Marcatura con oro colloidale. L’oro, trattato con sostanze riducenti, dà particelle di dimensioni
omogenee, ma tipiche per ciascun tipo di riducente usato. Queste particelle, cariche
negativamente, possono essere coniugate ad anticorpi o alla streptavidina. Le particelle d’oro sono
opache agli elettroni, e quindi al microscopio elettronico sono visibili anche particelle di piccole
dimensioni.
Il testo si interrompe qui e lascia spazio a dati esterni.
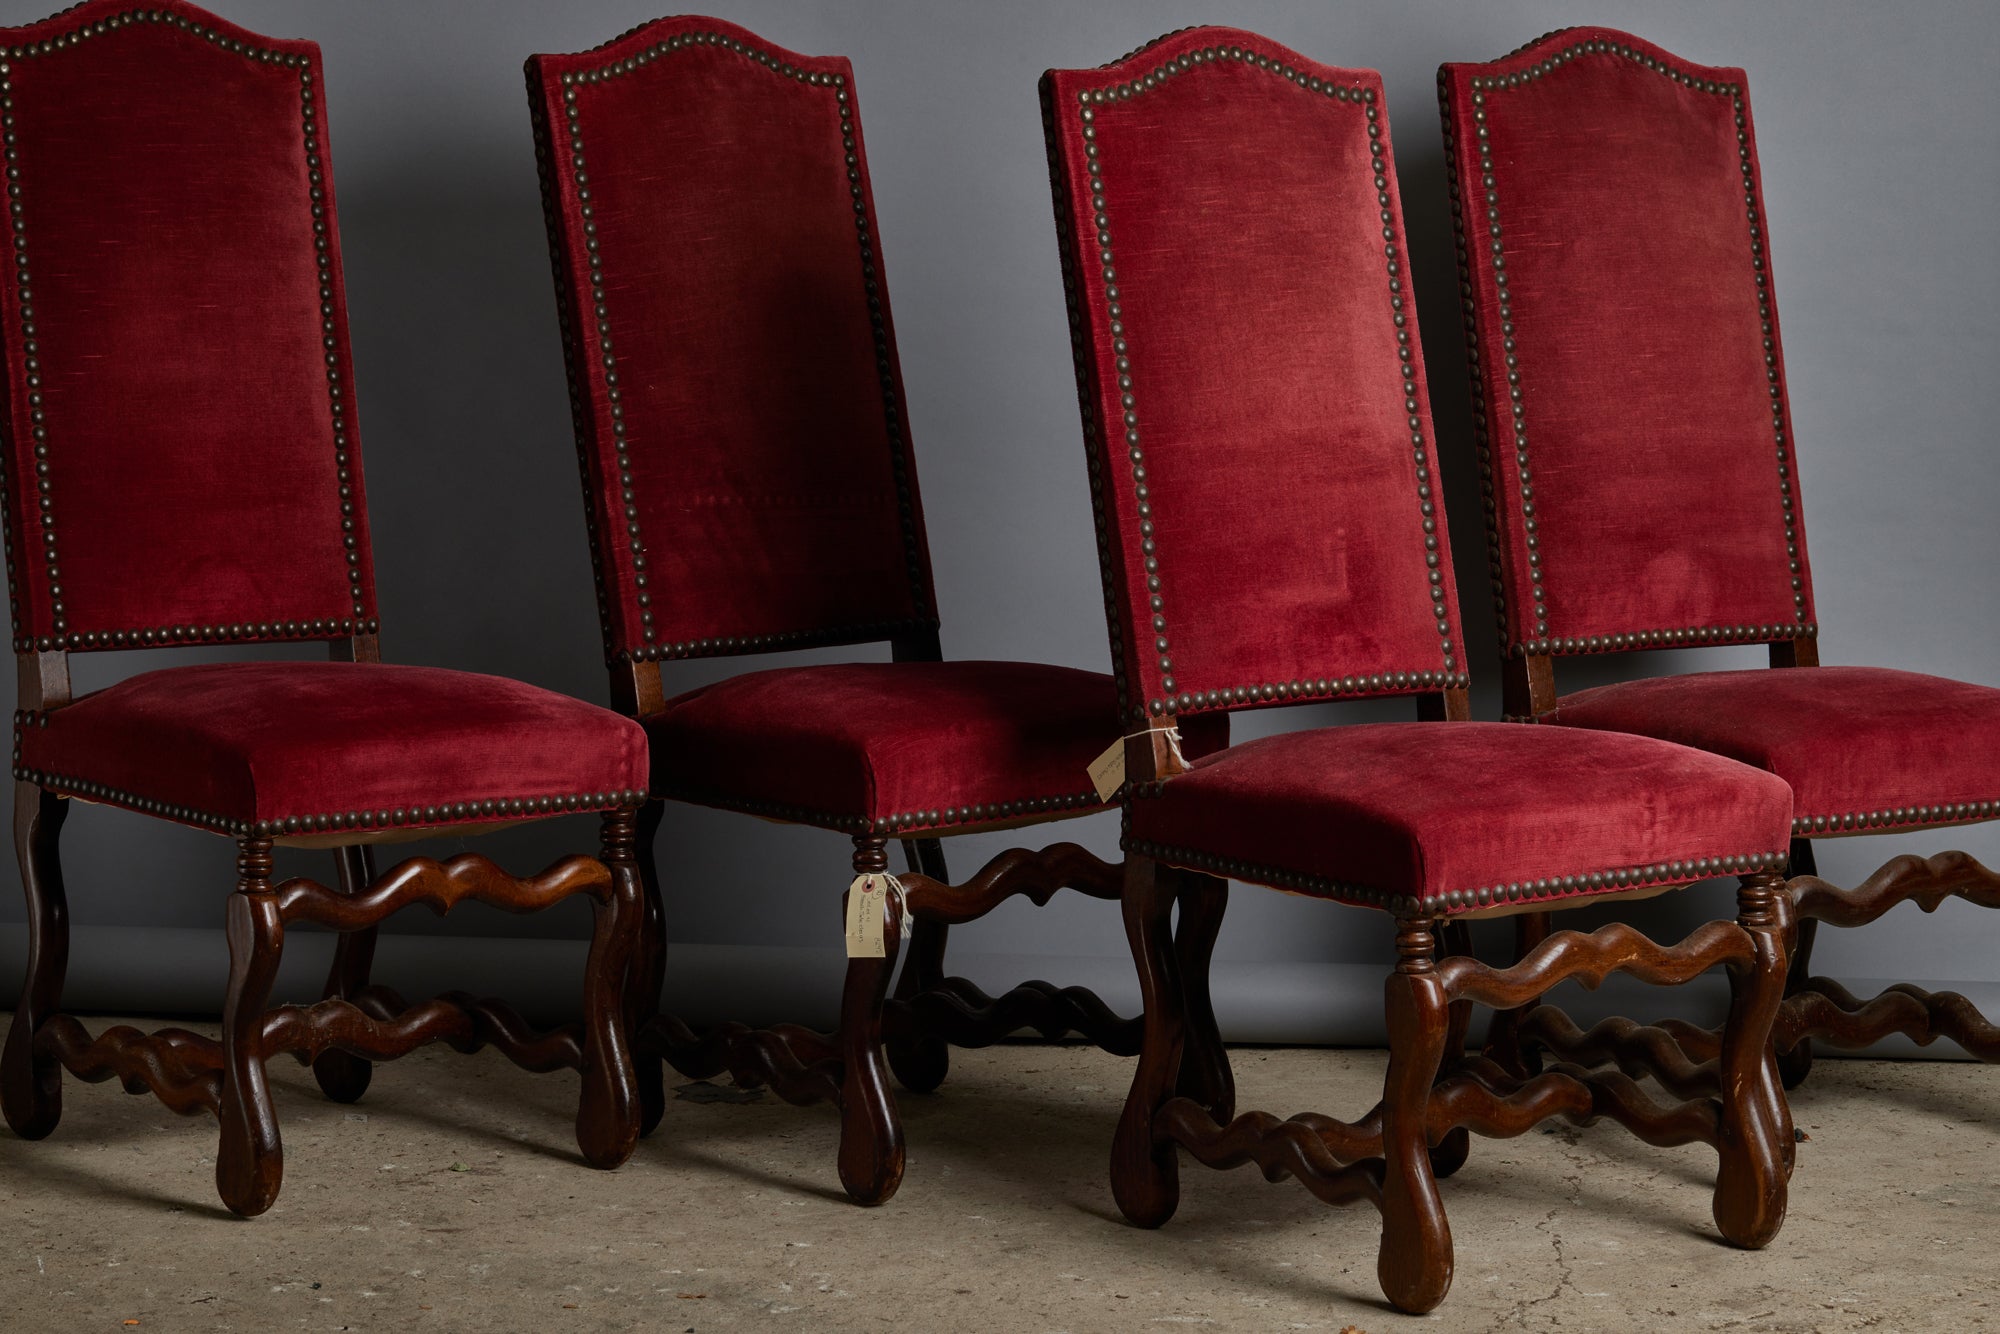 Set of 4 Louis XIV Style Dining Chairs Upholstered in Red Velvet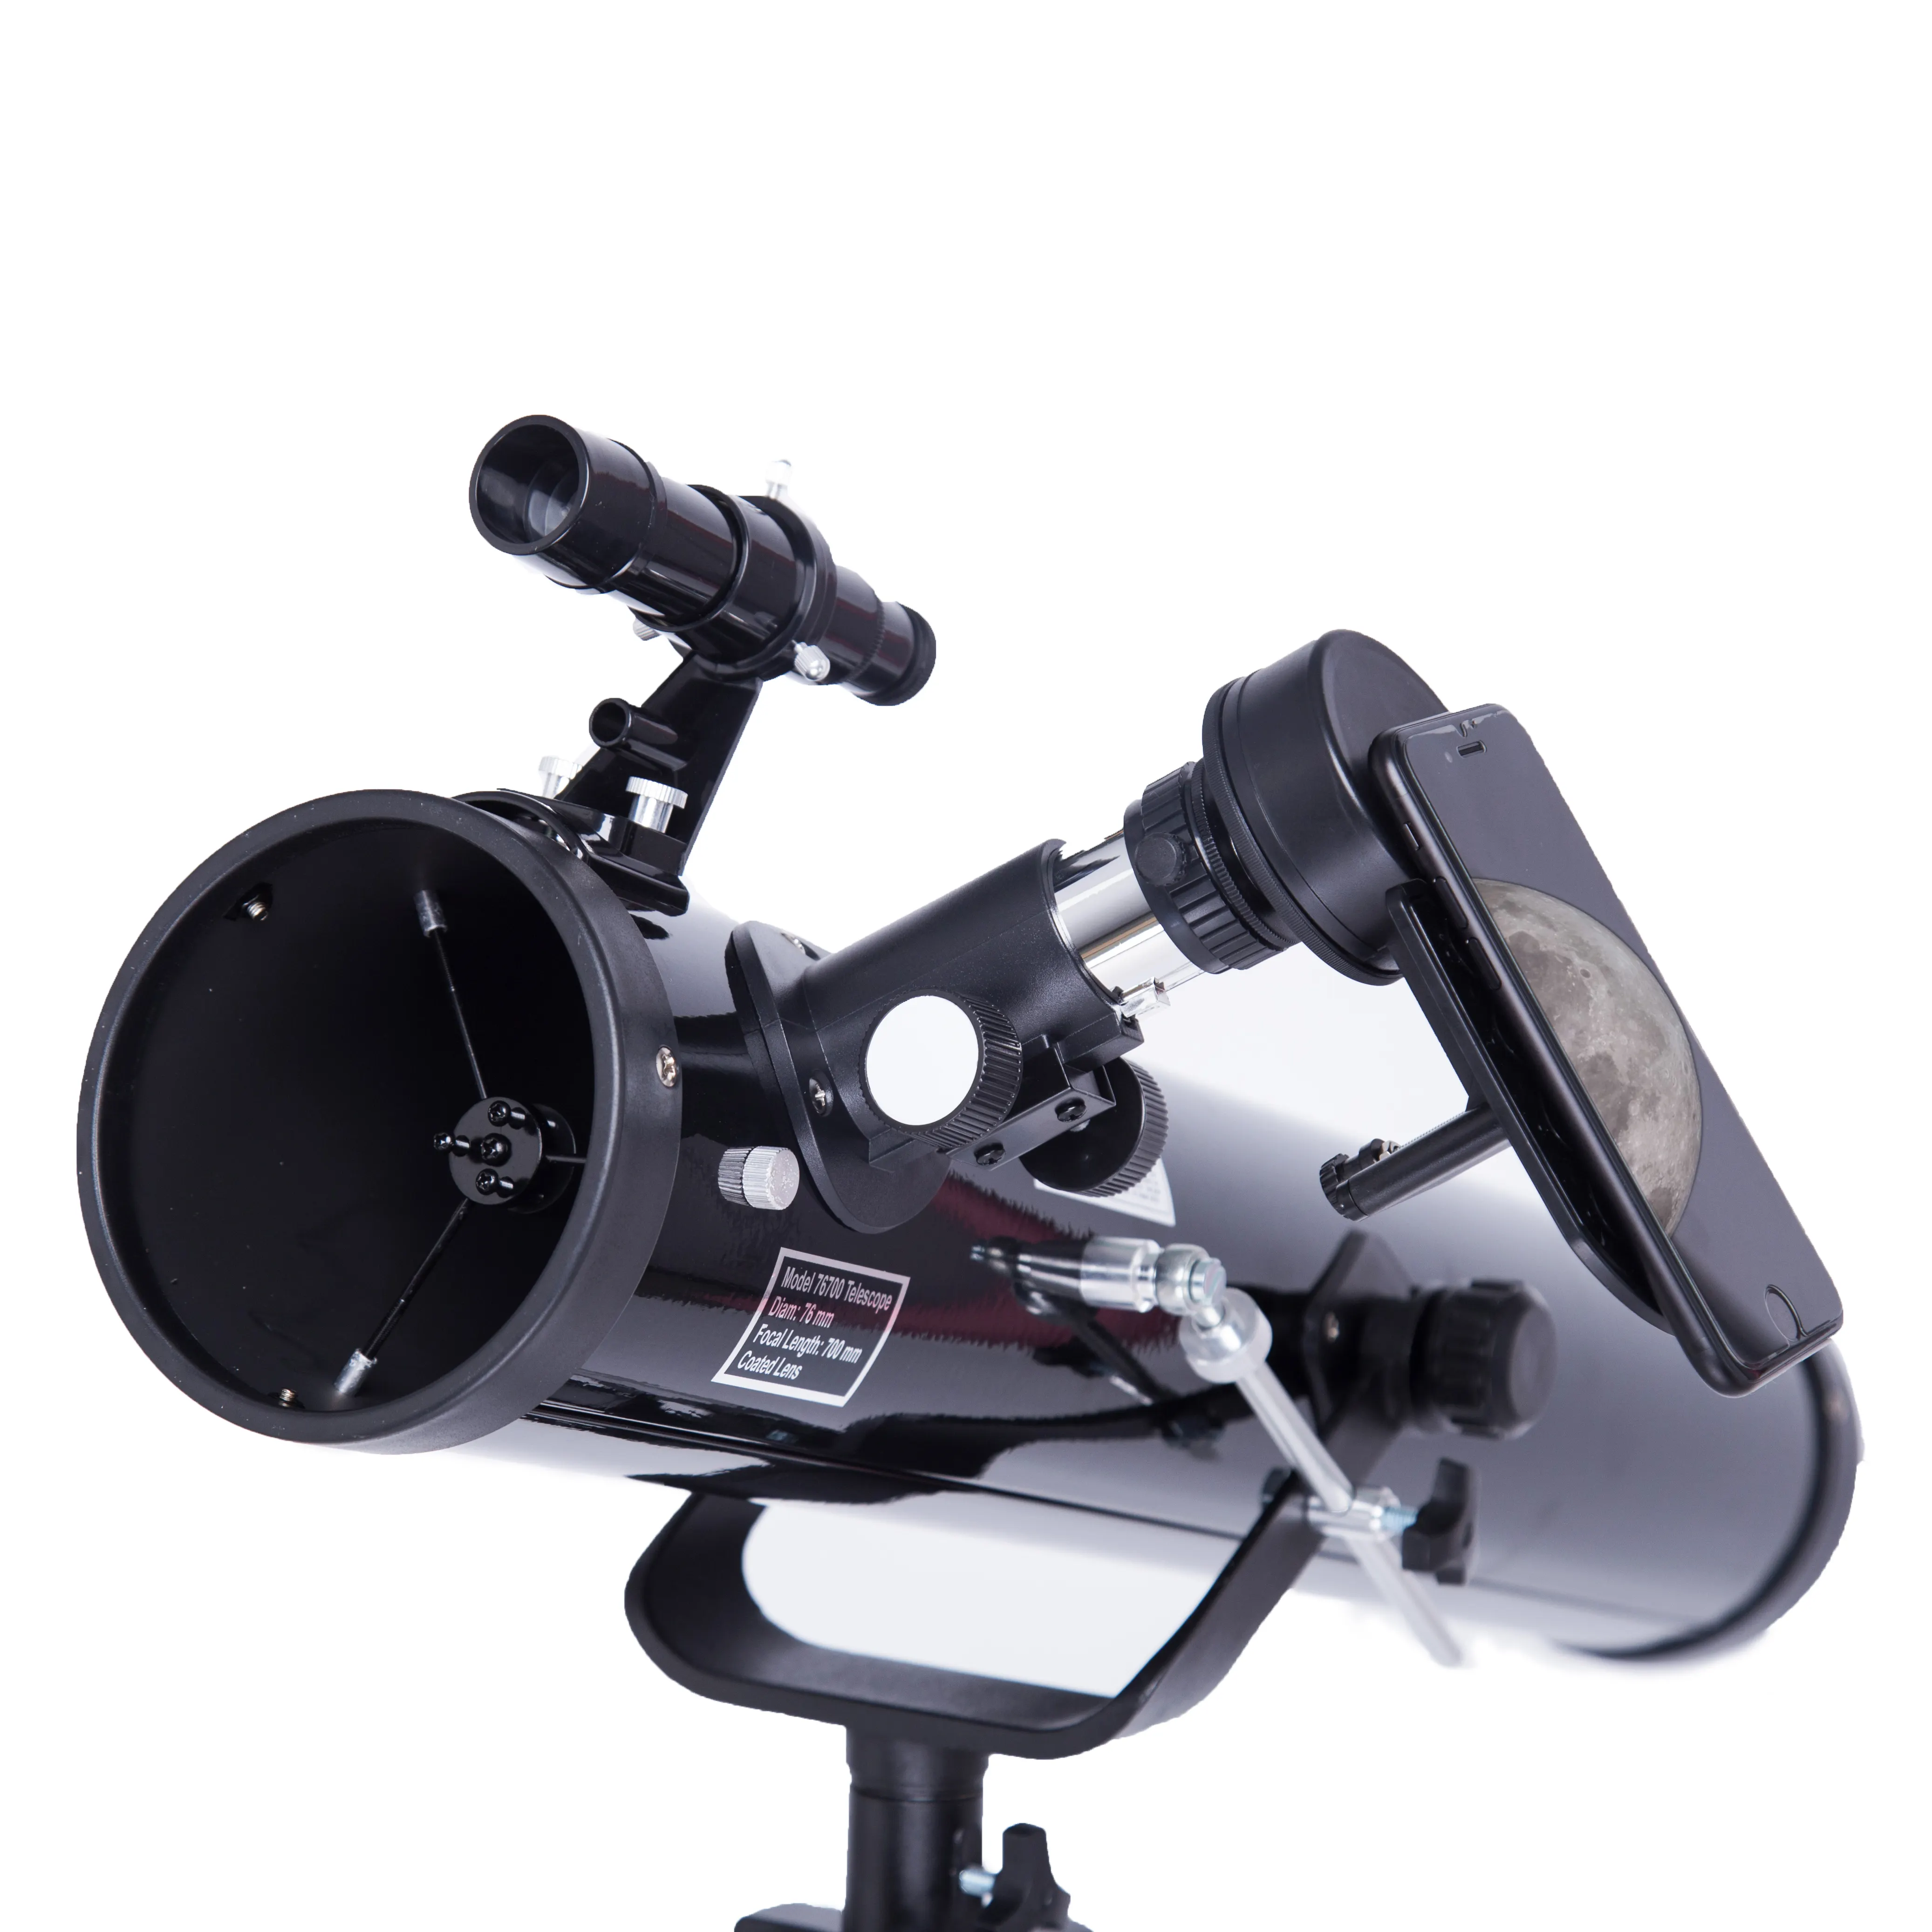 FORESEEN Professional Mobile Phone Reflector Astronomical Telescope / Telescopio To View Moon And Plant

E’ anche possibile fare una doppia marcatura, utilizzando contro una sostanza
anticorpi coniugati con particelle più piccole e contro l’altra anticorpi coniugati con particelle più
grandi. Al microscopio ottico le particelle di piccole dimensioni sono visibili con il silver
enhancement, che consiste nel far precipitare strati di ’argento metallico intorno alla particella
d’oro; il complesso è poi visibile per riflessione.
Questi metodi possono essere utilizzati anche per riconoscere bande proteiche separate per
elettroforesi (immunoblot).
Ibridazione in situ
La marcatura con fluorocromi ecc. può essere utilizzata anche per rivelare la presenza di
specifiche sequenze di DNA o RNA, sulla base della complementarietà delle sequenze
nucleotidiche. Si verifica se una sequenza marcata nota (“sonda”) si lega al preparato. Questo
permette per esempio di verificare la presenza di un mRNA specifico, o la localizzazione sul
cromosoma di una certa sequenza di DNA.